A/B testing on Netflix users also allows the business to try out new features and capabilities on their service, the aim being to identify which features should be rolled out – using the data results from testing segments of users to make the best possible business decisions.
Retailers should similarly be developing and rolling out products that are data-driven. Which products will resonate and sell well? How might this differ from one store location to another? Larger in-store retailers have been doing this for some time already – capturing and studying customer demographics data for each local catchment area and optimising inventory and store accordingly. For fashion retailers in particular, analysing data around product lines, stocks and sales levels could prevent the need for end of season fire sales – in which goods that have failed to sell are reduced to a very low price (further reducing profitability). Targeted product development, taking demographic and behavioural data into consideration, will ensure that retailers are only investing in products which will be successful.

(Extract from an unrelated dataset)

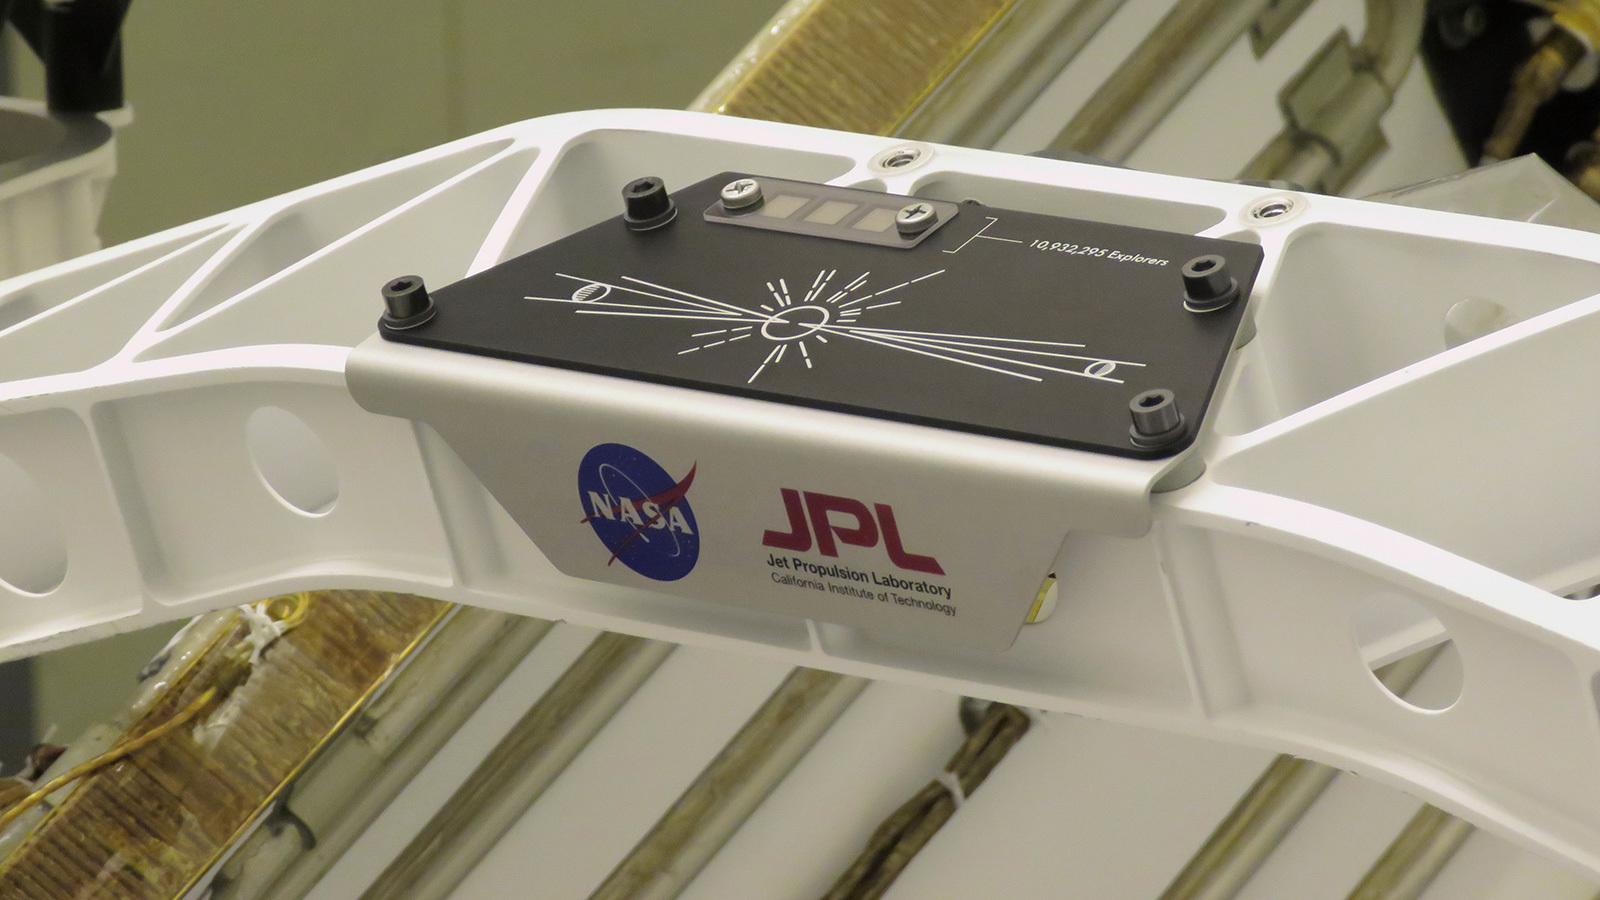 A placard commemorating NASA's

Netflix registered a 24% increase in revenue in the year 2019-2020, and a 74% customer retention rate in 2021. The answer to business growth, sales and product innovation undoubtedly lies in the leveraging of data, and this ability to do so will be crucial for retailers if they want to capture the marketplace in the coming years. It doesn’t take 204 million users to provide a decent data set either – but retailers should be gathering information on the customers they do have. With modern technology, it’s becoming far easier to build scalable algorithms, and cloud service providers are ensuring that data analytics capabilities are more accessible to businesses of all sizes. As a result, retailers across the board will likely see a good return on investment on analytics, and insight from this data can enable retailers to grow their revenues significantly. The message is clear – harness data now, or fall behind. Do it in the right way, and your business can save money and grow faster.